Jeremy Allen White and Bruce Springsteen on the set of Deliver Me From Nowhere in 2024.
Springsteen’s own sentiments about the film were initially simpler. “I thought I’m 76 years old, I don’t really care what the fuck I do any more,” he said. “Yeah, go ahead. At my age you embrace more chances, in your work and in your life in general.” It helped that Cooper was “a true blue-collar film-maker” making “the kind of film I would be intrigued by,” he said. “Not your conventional musical biopic, but more of a individual-centered narrative with music.”
As the project moved forward, it maybe became odder. Springsteen appeared on location often, apologising to White each time he showed up. “It’s has to be really weird with the guy’s silly presence standing there,” he said. But he liked what he saw: “I’ve mentioned this previously, but I kept thinking ‘Damn, when did I get that handsome?’” In the seat beside him, White shakes his head and shakes his head.
Springsteen had minimal hesitation about White’s choice; he knew that the actor was ready to represent the most introspective time in his recording career. “I’d watched The Bear, and how the camera tracked his personal thoughts,” he said. “And if you see him in a film, it’s a cliche, but he’s a music icon.”

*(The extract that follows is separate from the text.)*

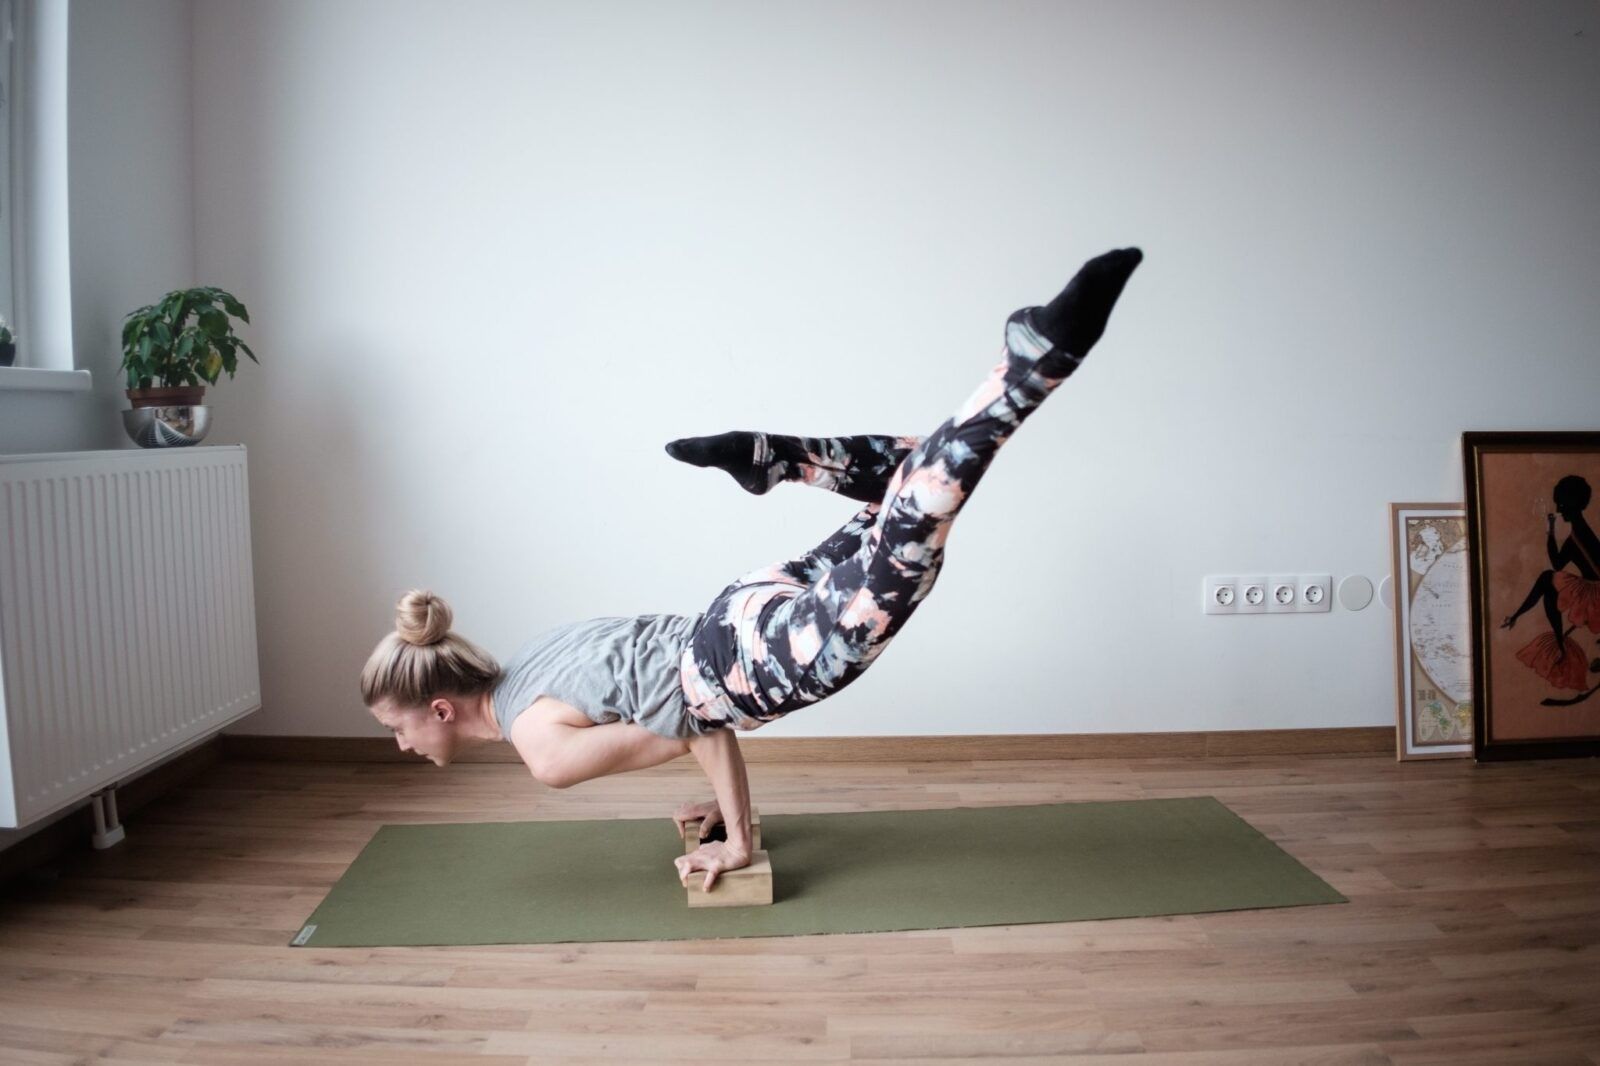 6,132 Advanced Yoga Pose Images, Stock Photos, 3D objects, & Vectors |  Shutterstock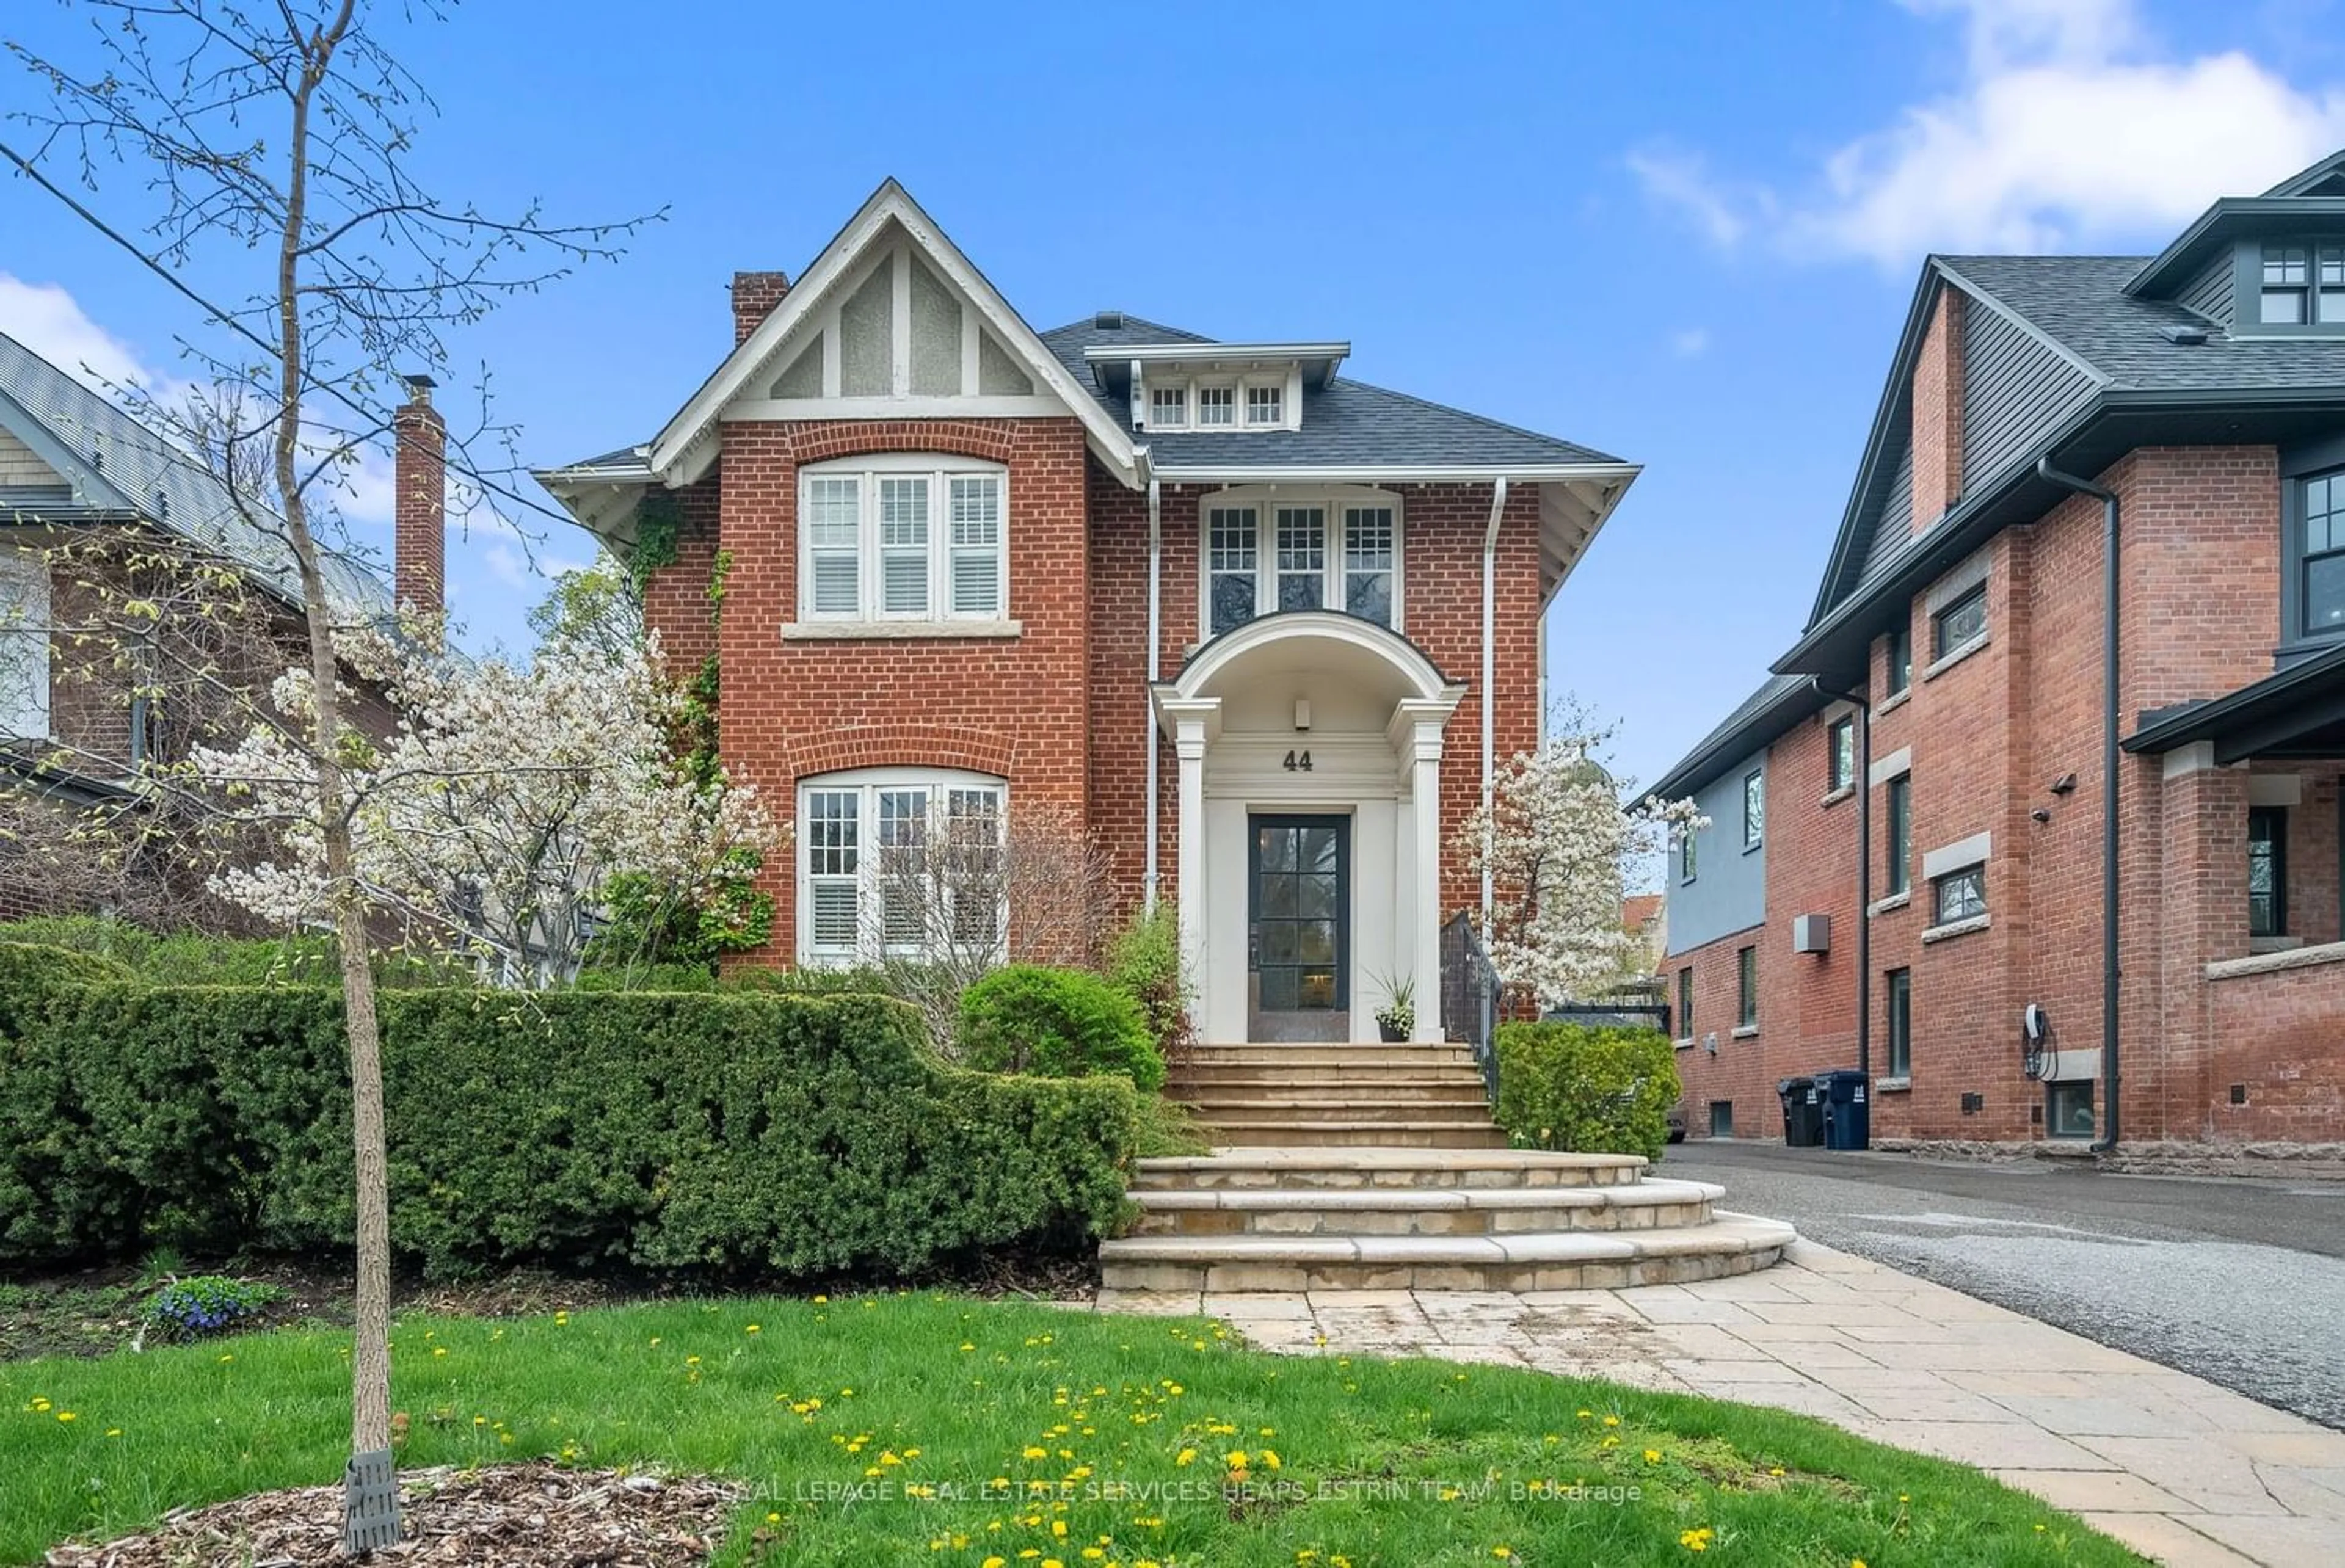 Home with brick exterior material for 44 Glenrose Ave, Toronto Ontario M4T 1K4

When he first saw White playing him, he was struck by the actor’s technique. “His performance was completely from the inner self outward, not just picking elements and applying them externally,” he said. “It’s a non-imitative performance, but nevertheless it deeply corresponds to my story and myself.” He saw it as something similar to his own way to songwriting – to writing about people whose lives vary significantly from his own. “You have to find the part of them that is part of you.”
More disconcerting was the way the film forced him to reexamine difficult periods in his own life. The reconstruction of his grandparents’ home in Freehold, New Jersey – a house he once described as “the best and most sorrowful sanctuary I’ve ever known” was uncanny; Springsteen described how often he visited the home in his dreams. “So, to be in that house again … it was quite a miracle, and quite wonderful.”
Similarly, it was “a very powerful thing” to see Stephen Graham as his father – portraying his turbulent early years, when he suffered unrecognized mental health issues and drank heavily, and the fragility and kindness of his later years.
Springsteen recounted watching an early viewing in the presence of his sister, who clutched his hand throughout. Just a year younger than her brother, “she retained every memory”. At the end, she turned to him and said: “Isn’t it marvelous that we have that?”
There was an parallel, maybe, of the feeling Springsteen hopes to give his own audiences through his live shows. “You build an utopian space for three hours,” he informed the select group before him last night. “It’s not a fantasy world. It’s a very believable world. It has all the beautiful and awful parts of life … But with luck there’s an element of transcendence that my audience brings home. And with luck it stays with them for as long as they need it.”